(Collected data entries)
● ● ● ●
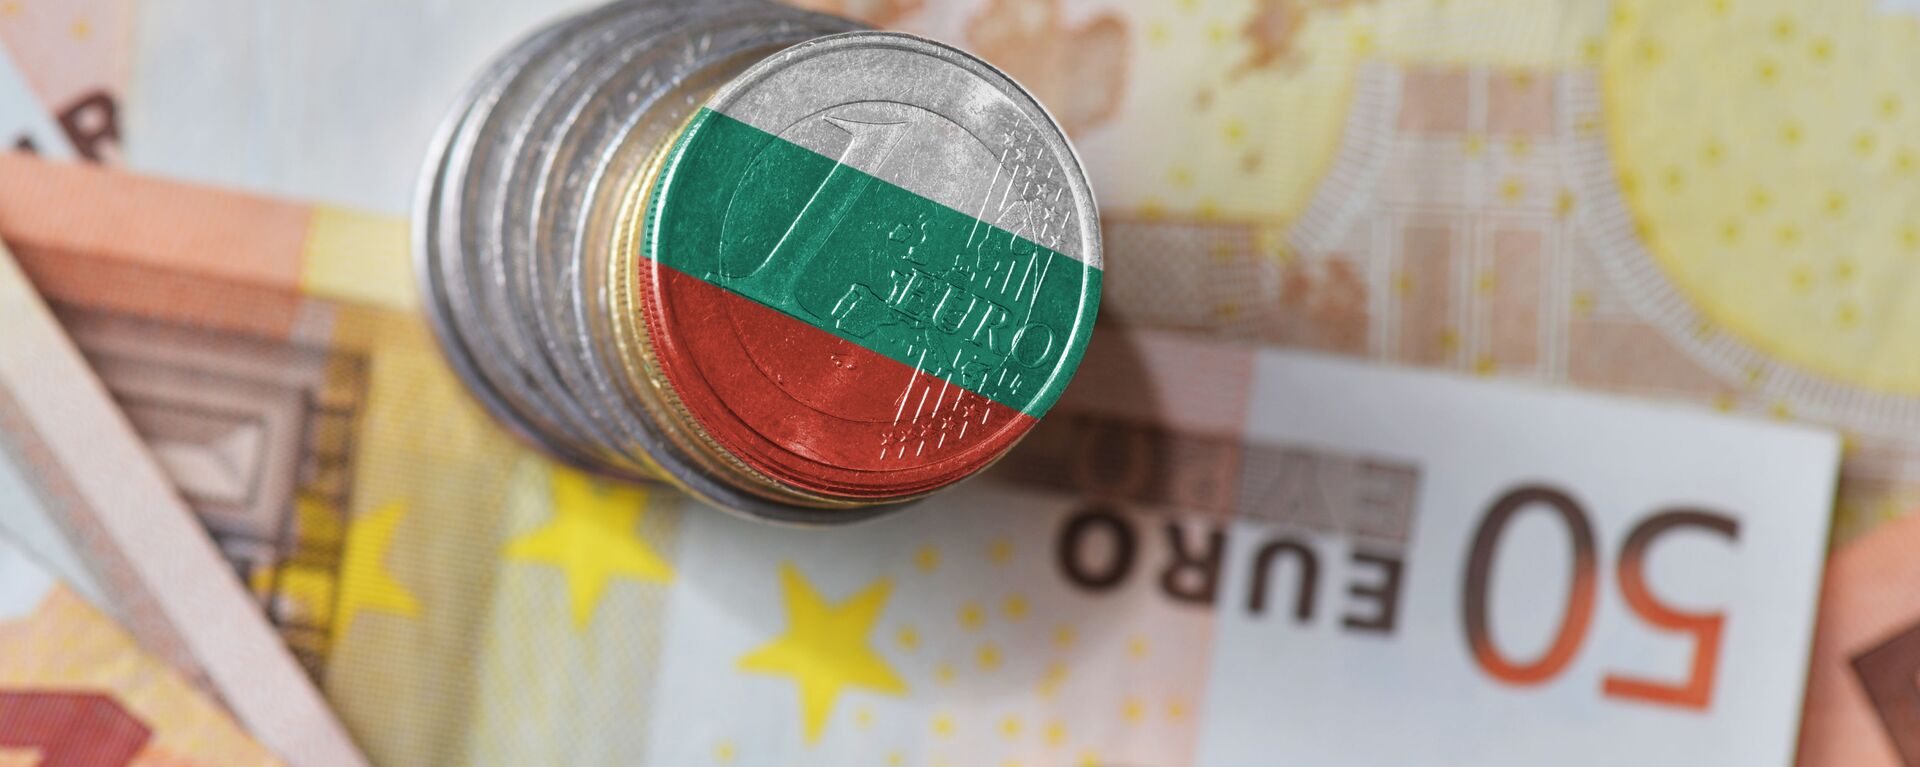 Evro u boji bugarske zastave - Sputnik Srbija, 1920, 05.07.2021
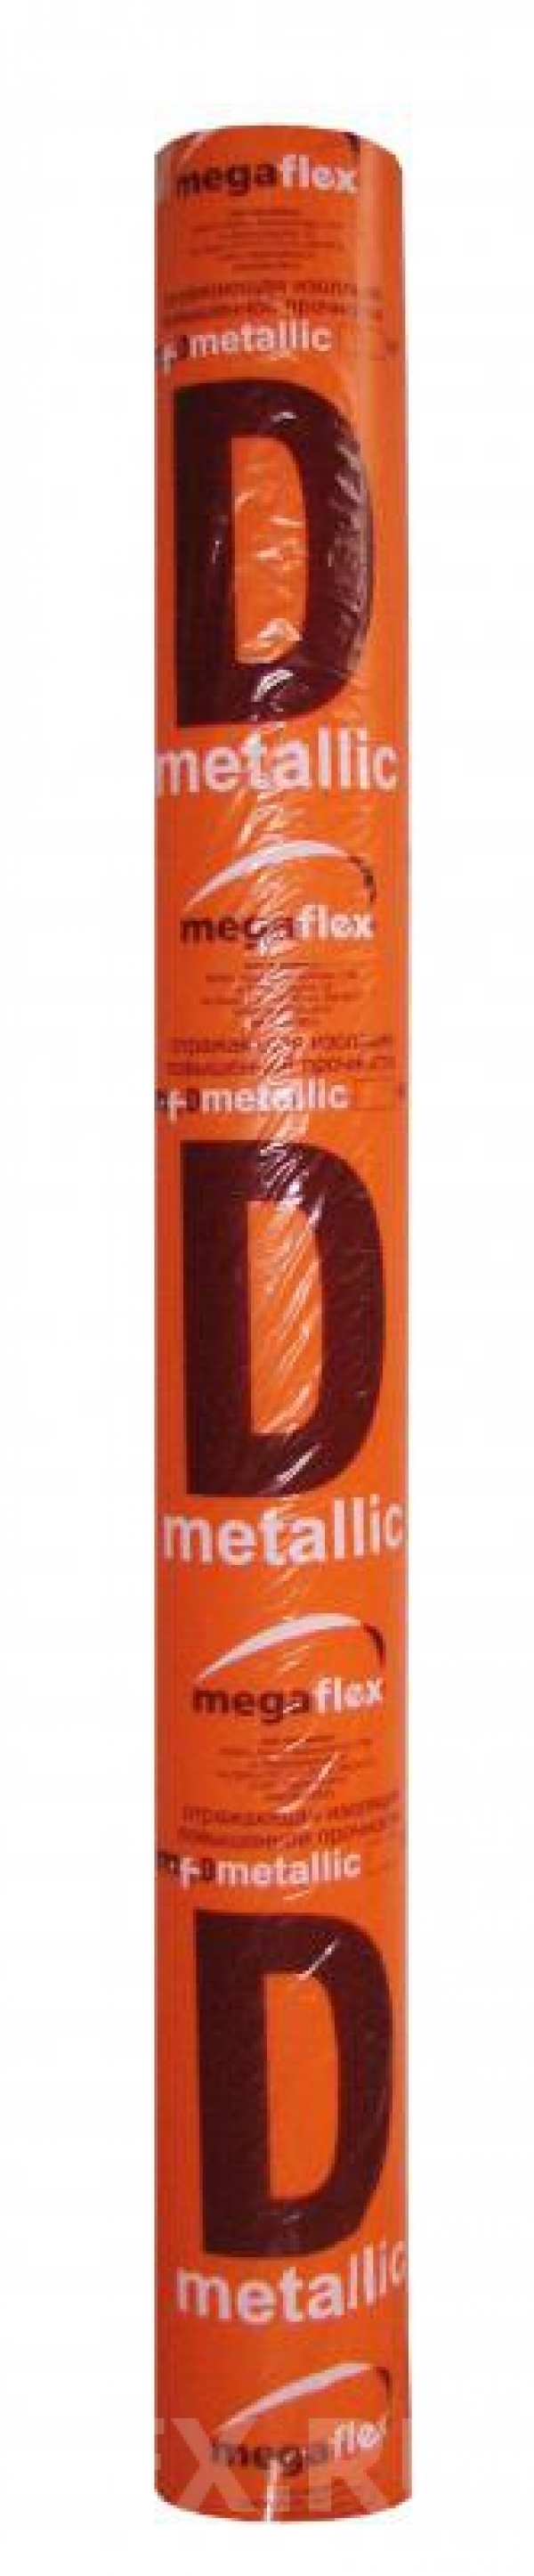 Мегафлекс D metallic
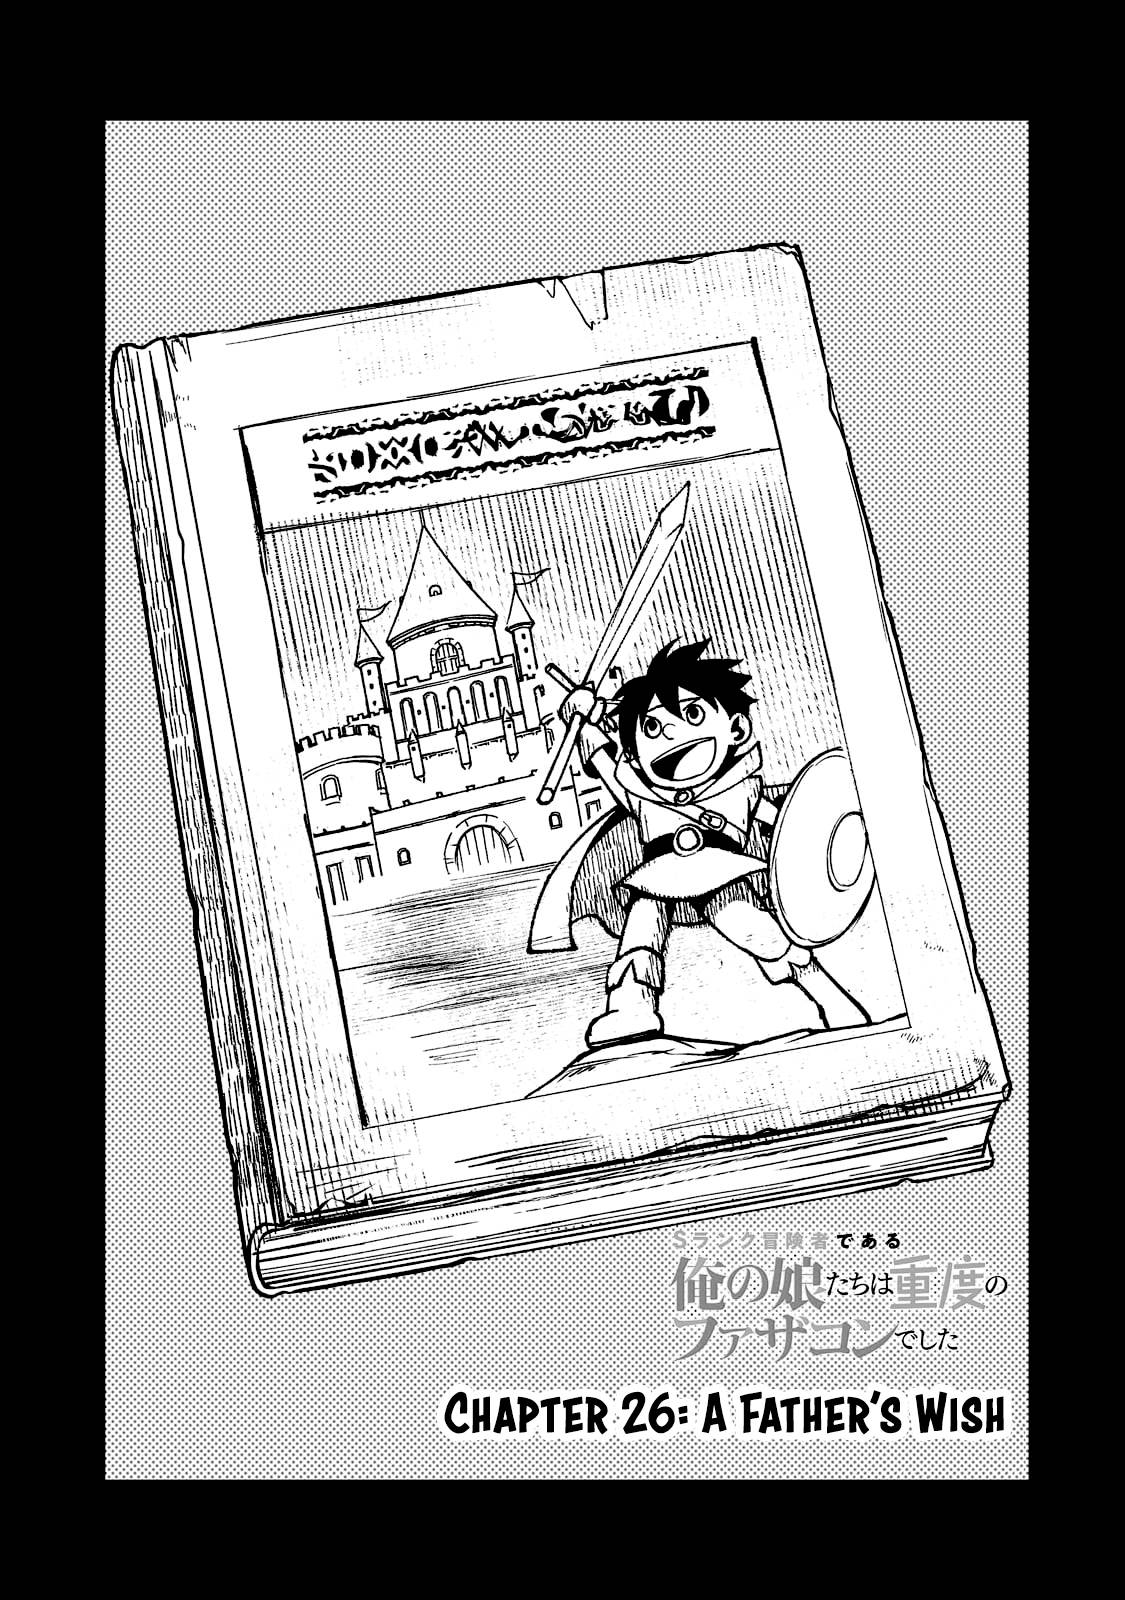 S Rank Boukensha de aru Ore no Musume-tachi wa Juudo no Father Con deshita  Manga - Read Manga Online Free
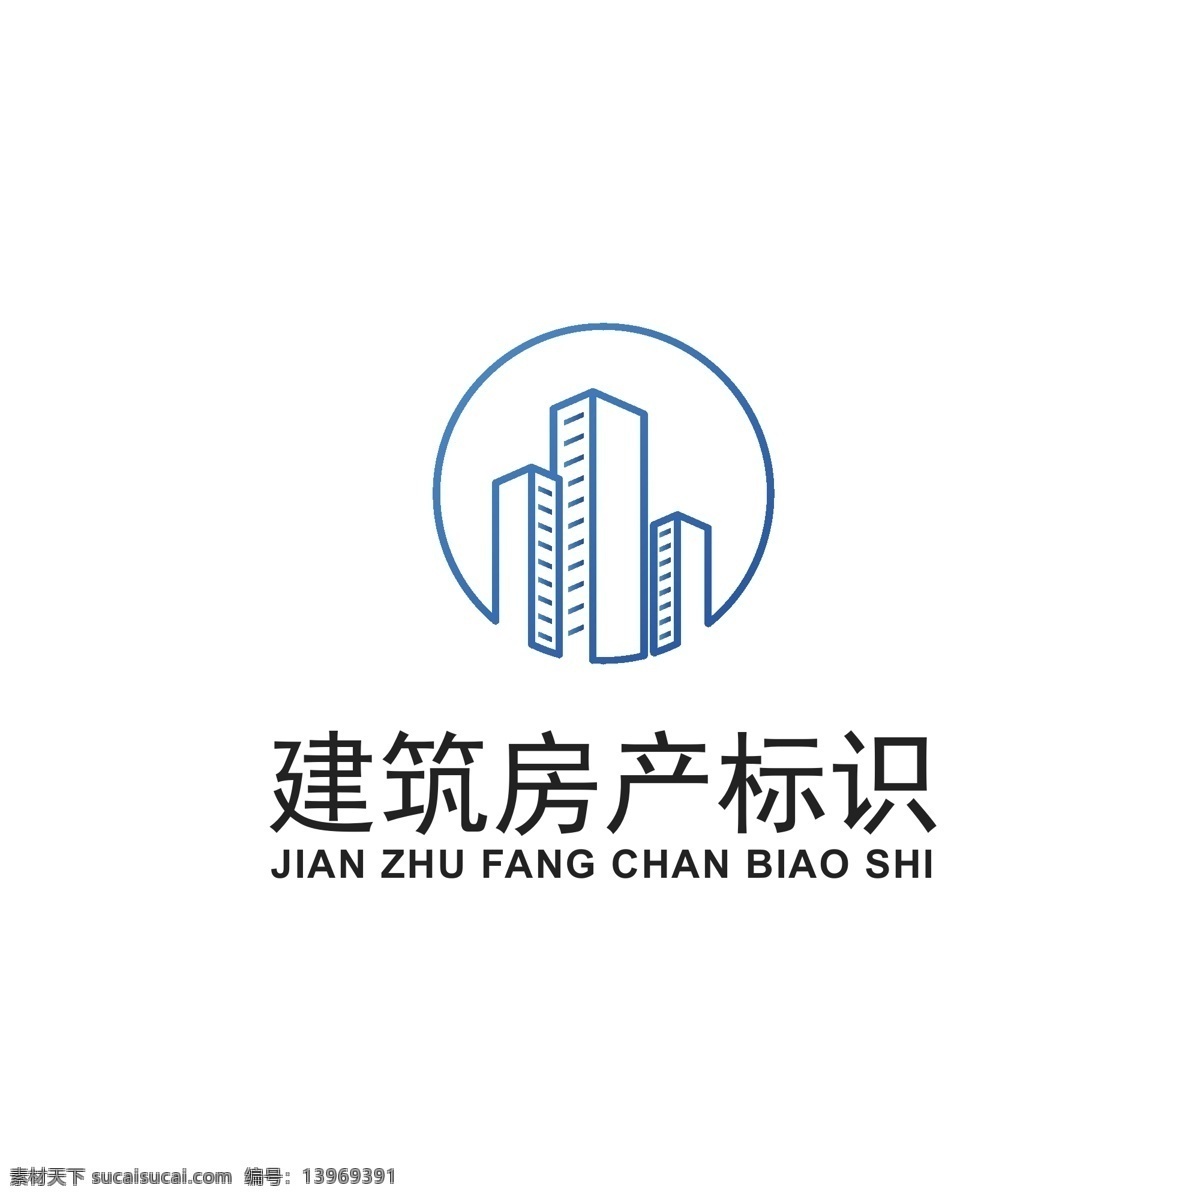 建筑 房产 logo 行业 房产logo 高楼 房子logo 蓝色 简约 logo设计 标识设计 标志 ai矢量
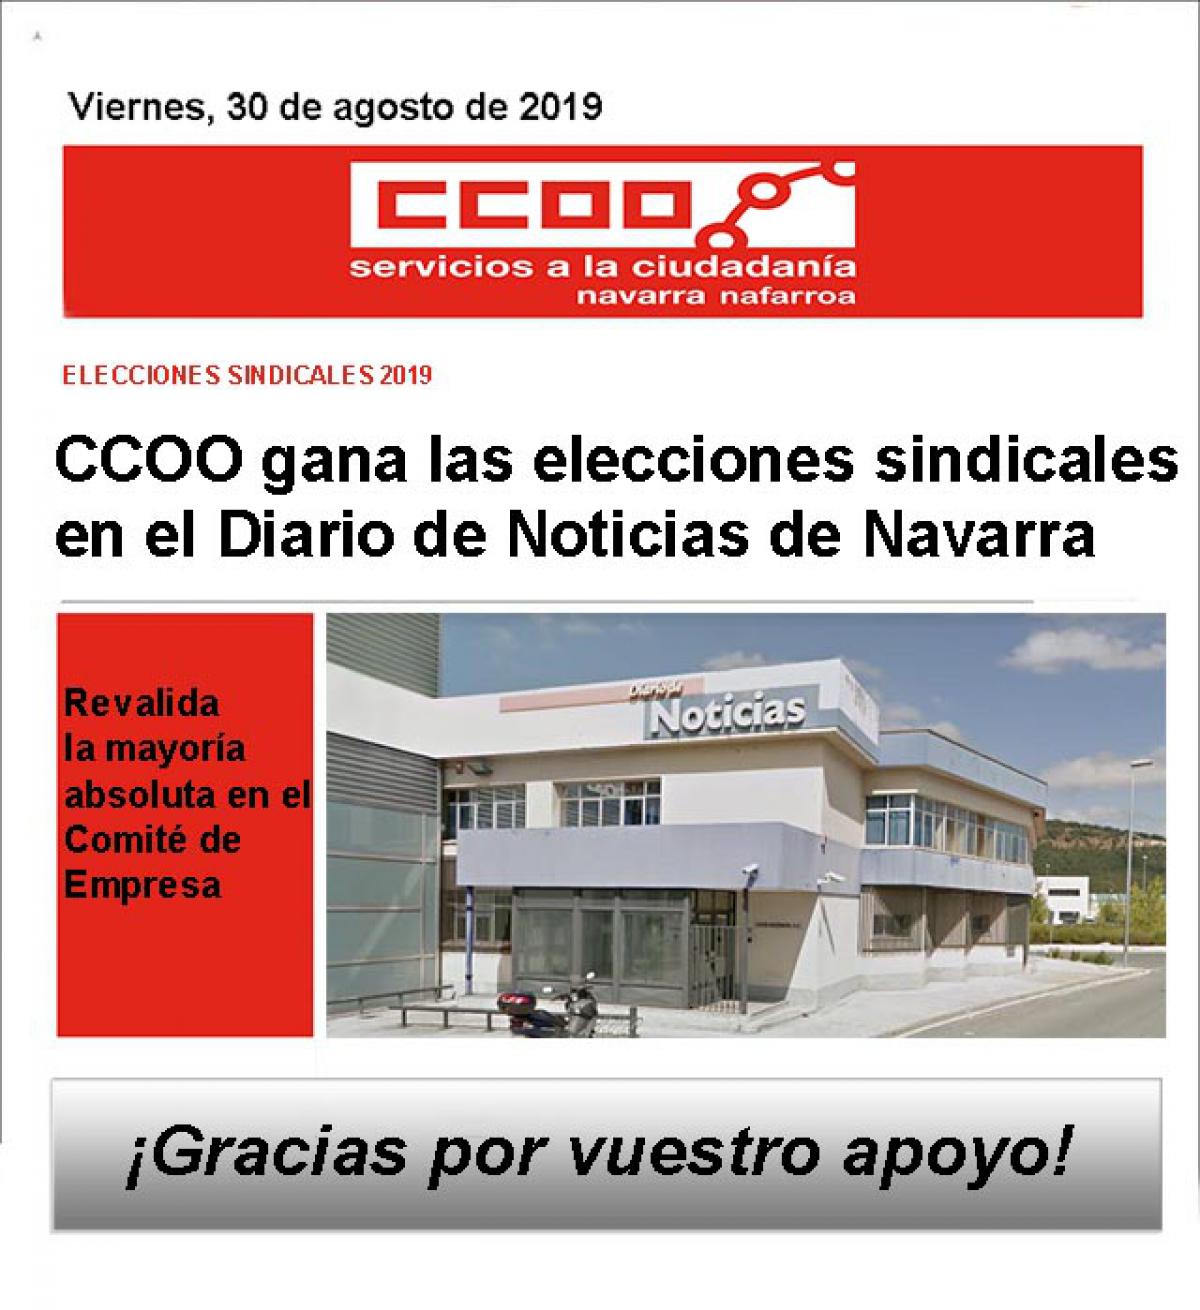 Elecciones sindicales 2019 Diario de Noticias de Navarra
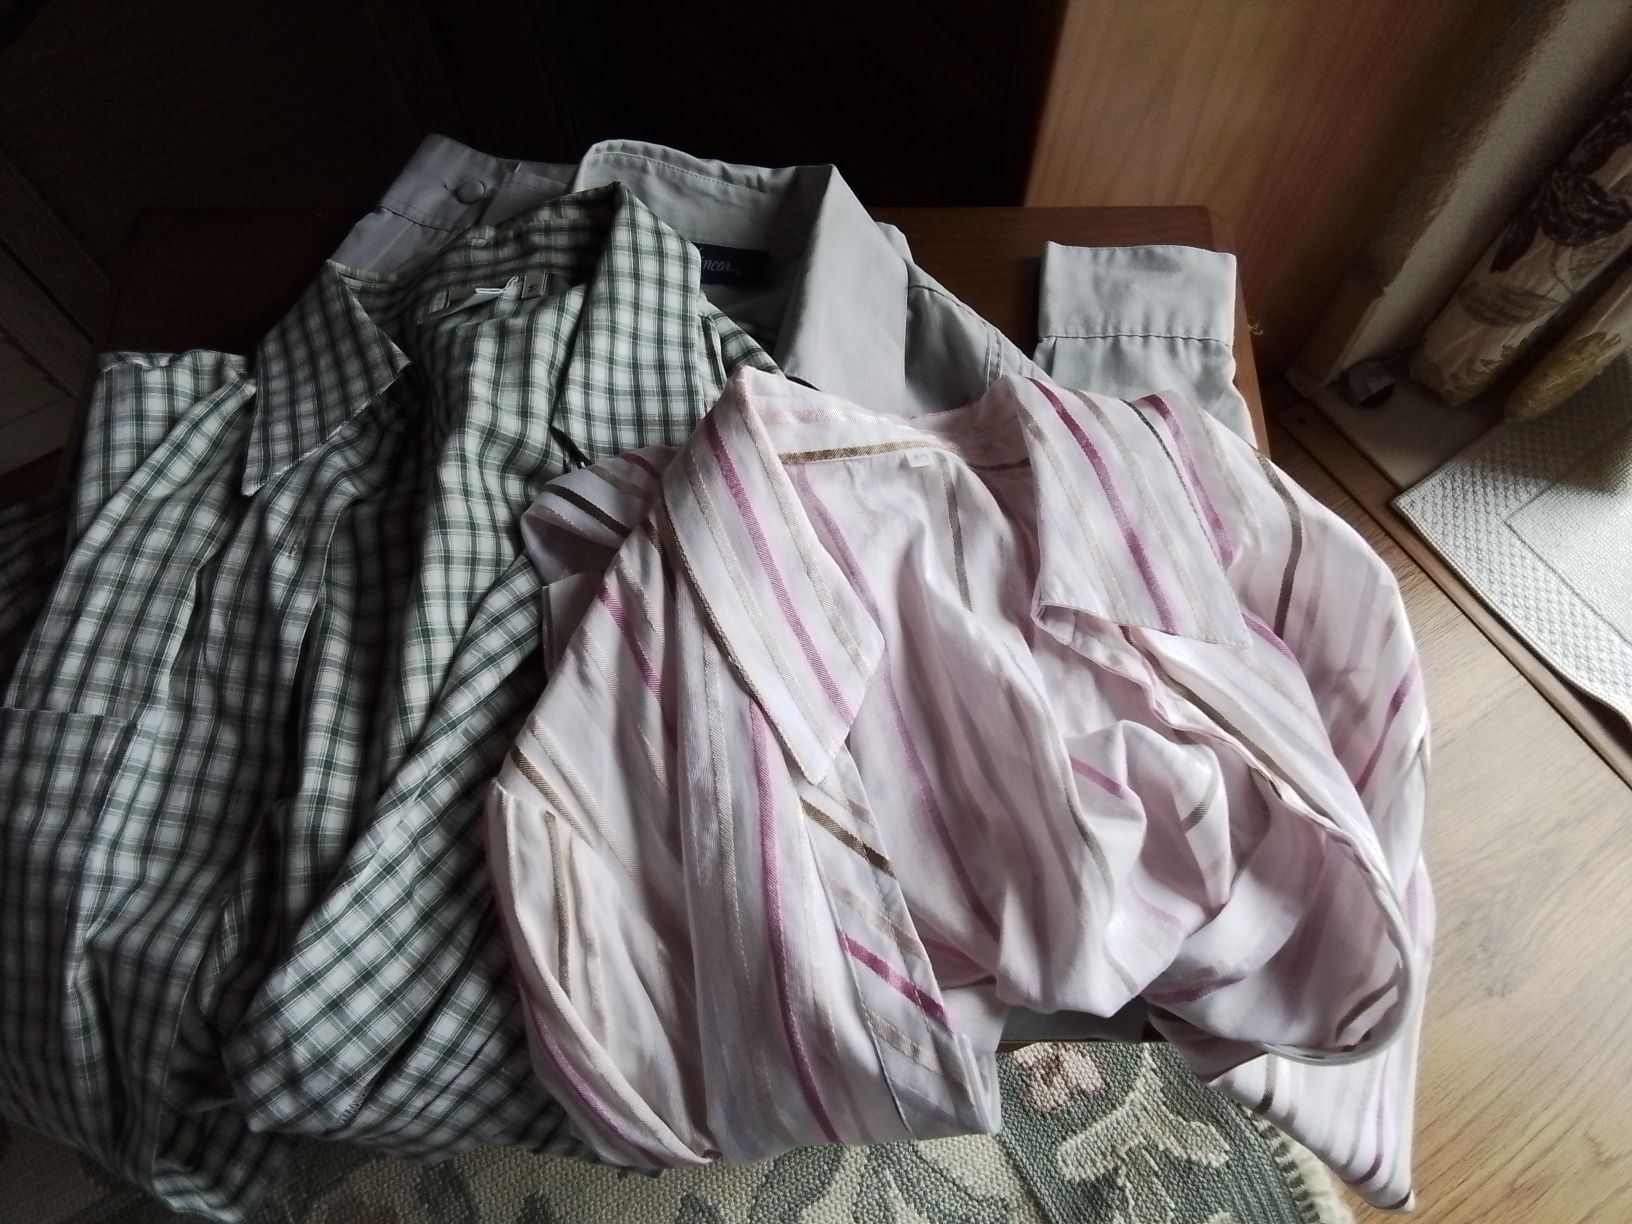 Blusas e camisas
● ● ● ●
§ **Brief**:
Only the lines from the line holding "S Rank Boukensha" through the last line above belong in the answer, repeated exactly; the pictures do not.

§ **Answer space**:
 S Rank Boukensha de aru Ore no Musume-tachi wa Juudo no Father Con deshita  Manga - Read Manga Online Free
 建筑 房产 logo 行业 房产logo 高楼 房子logo 蓝色 简约 logo设计 标识设计 标志 ai矢量
 Elecciones sindicales 2019 Diario de Noticias de Navarra
 Blusas e camisas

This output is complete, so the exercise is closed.